If you read quotes and memes about writing, you get the clear idea that being a writer is horrible. I've seen quotes from famous, long-dead authors about how we only write because we must, because we're too tormented by the stories in our heads, but that's it's a lonely, miserable existence. I recently had a friend tag me in a meme that said something like, "Writing is like riding a bicycle, except that the bicycle is on fire, and I'm on fire, and I'm in Hell." She asked me if that's how I felt about writing.
So is it? OMG, no! That's a bunch of pretentious crap.
I love writing. It's fun and exciting and mentally challenging. It pulls things out of me I had no idea were there. I get to paint pictures with words. I encounter problems and get to solve them. I get to lose myself in a story even more than when I read. It's amazing and it feels decadent to spend my time that way. I love writing so much that my career has entailed writing news and information for TV, radio, newspaper, magazine, and the Internet. And when I'm not writing for work, I'm writing fiction and screenplays.

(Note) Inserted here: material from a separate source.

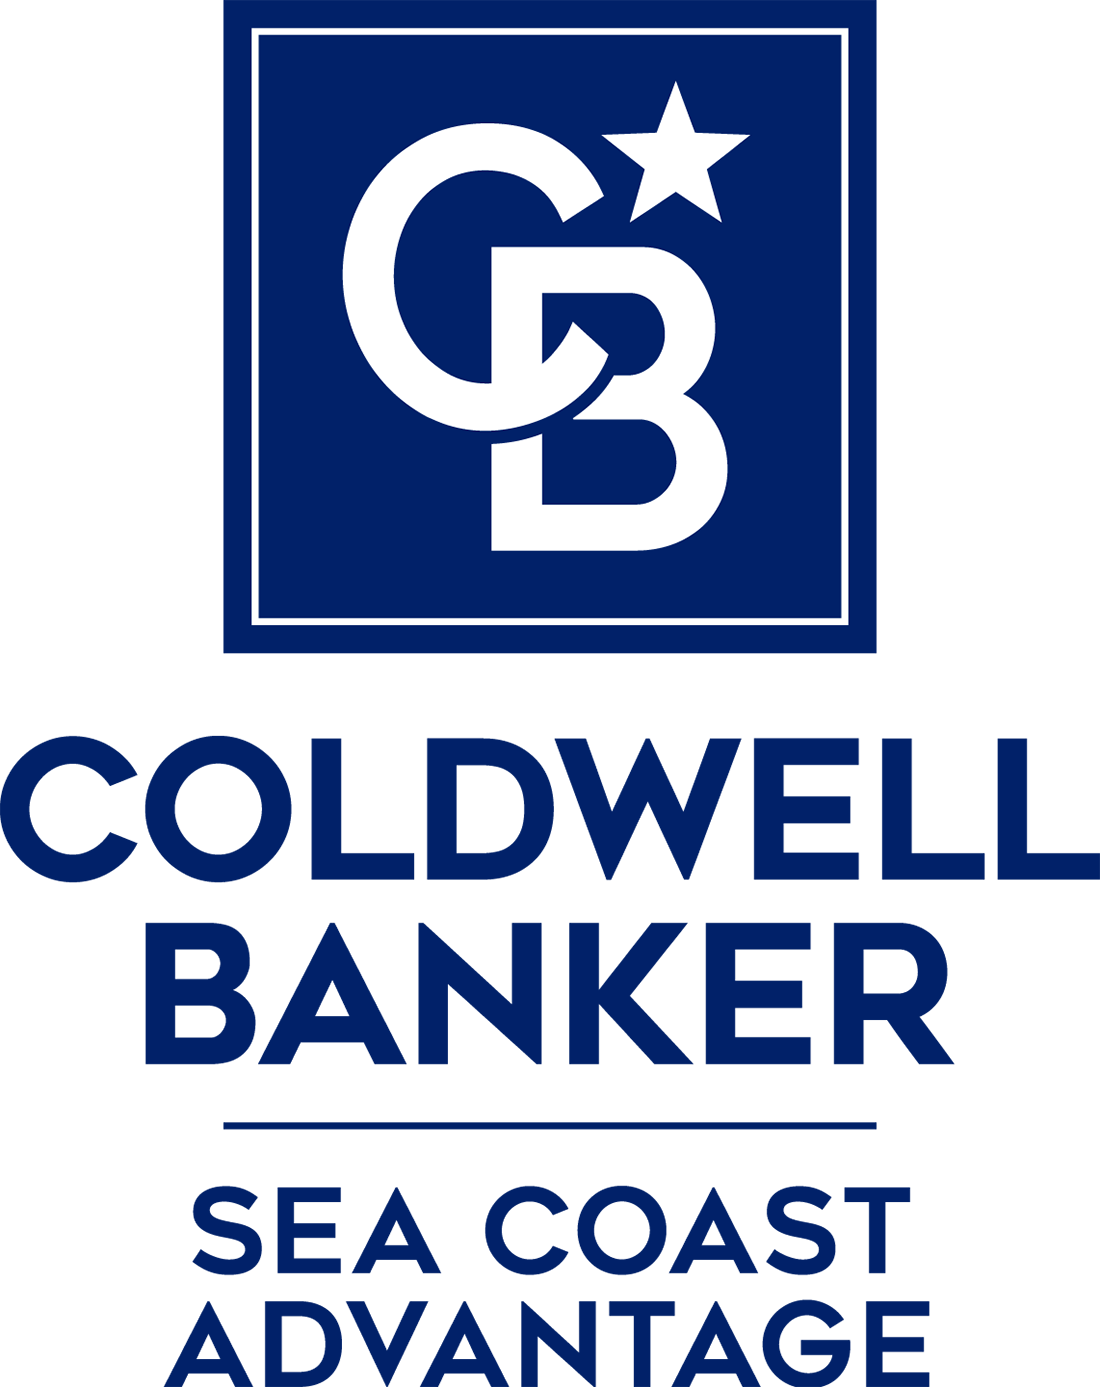 Dean Nikodemski - Coldwell Banker Chicora Advantage Logo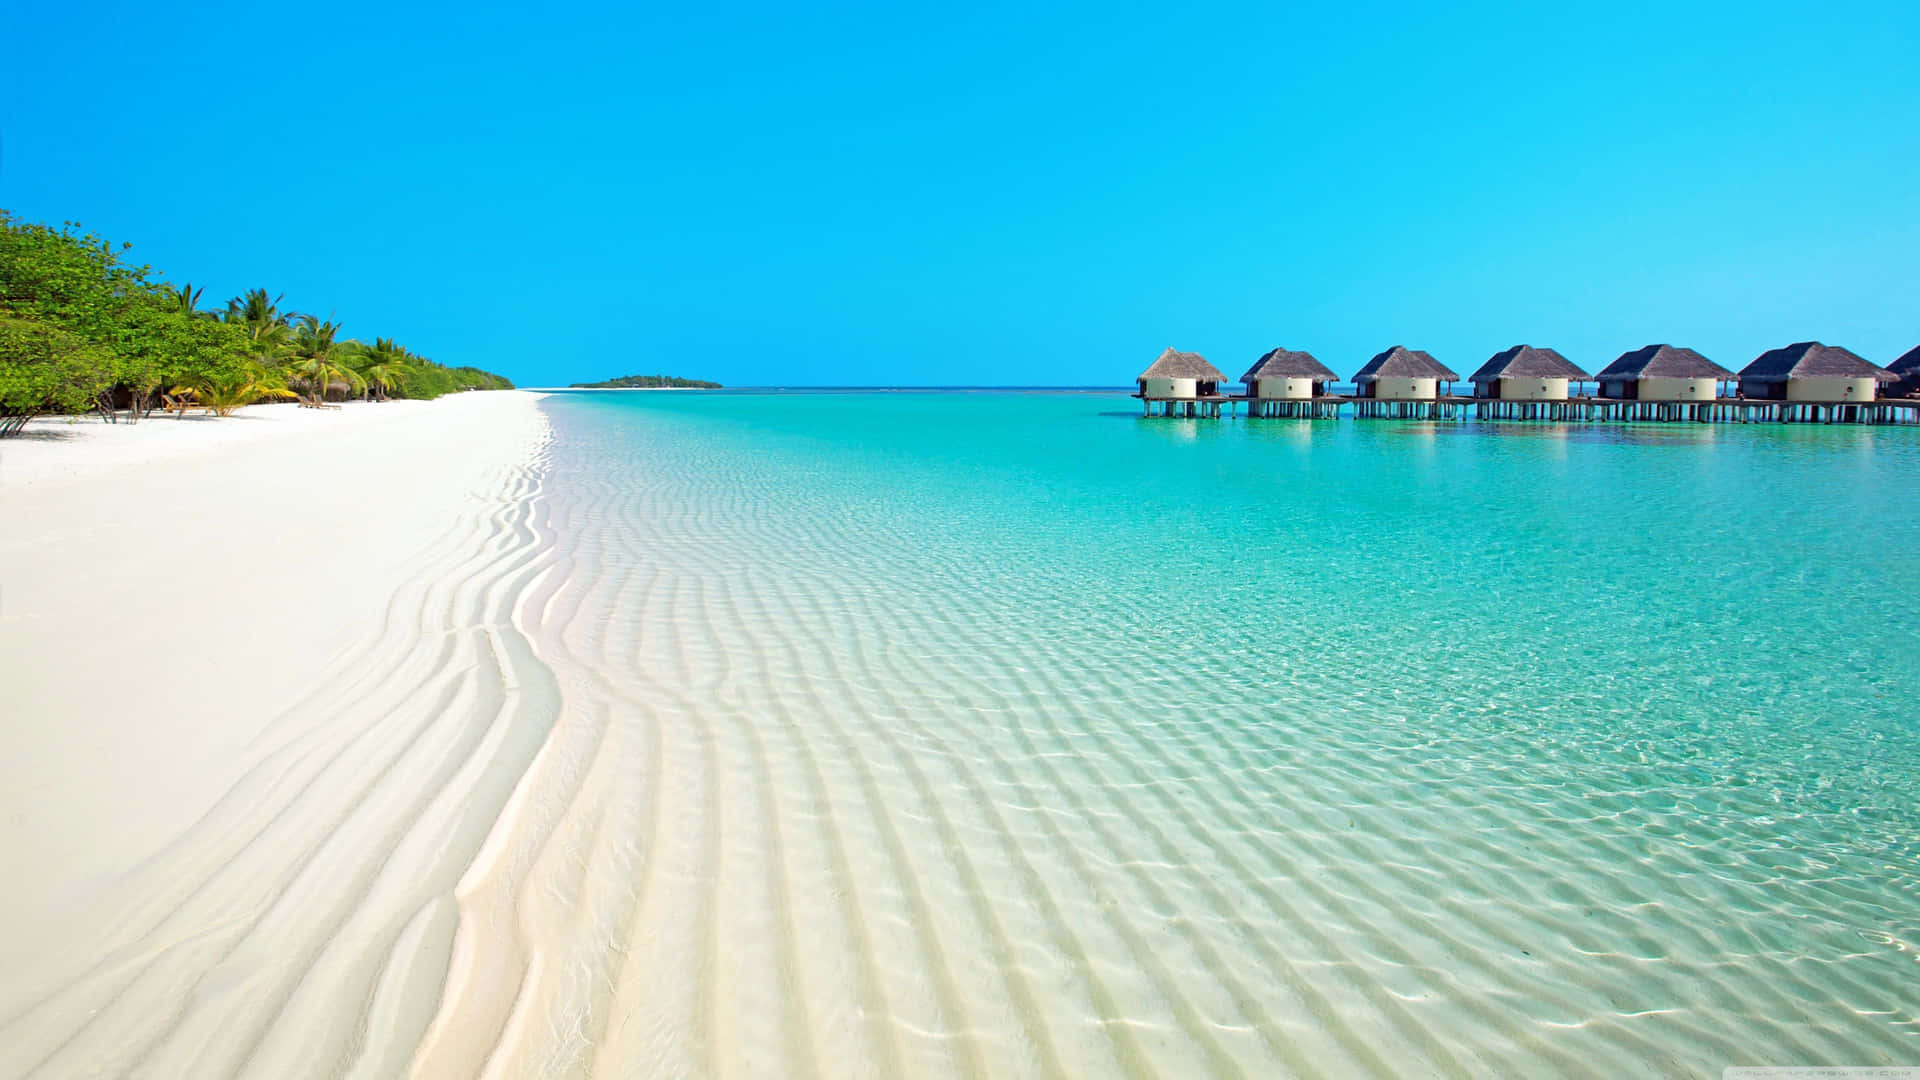 Unaspiaggia Di Sabbia Bianca Con Capanne E Un Oceano Blu Sfondo

That's not to say it's easy. Writing is hard work. We spend months or years writing and revising and crafting something we love, only to face rejection from agents and publishers and criticism from readers. Few authors make enough money from their books to quit their days jobs. And yet, we keep writing.
Why? Because we're tortured by characters wanting out of our minds? Because we're masochists or crazy people? No. Well, maybe we're a little crazy. But we write because we love writing. Because we love the written word. Because when you get a story in your head you want to write it and see how it comes out, and then see if it moves other people the way it moved you.
I have a lot of friends who are writers, and all of them write because they enjoy it. Most of them have day jobs and families and responsibilities and struggle to make time to write. We all face frustrations and self-doubt and rejection and some days we want to give up -- but then the lure of the story pulls us back in and we love it all over again.
So no, writing isn't like riding a burning bike through hell. It's living in your imagination and making impossible things come to life. It's allowing your mind to plot a new course and then showing other people the way. To borrow a line from Willy Wonka, "We are the music makers, and we are the dreamers of dreams."
If you're doing something that IS like riding a burning bike through Hell, by all means STOP IT! That's what I'd do. And then I'd write about it.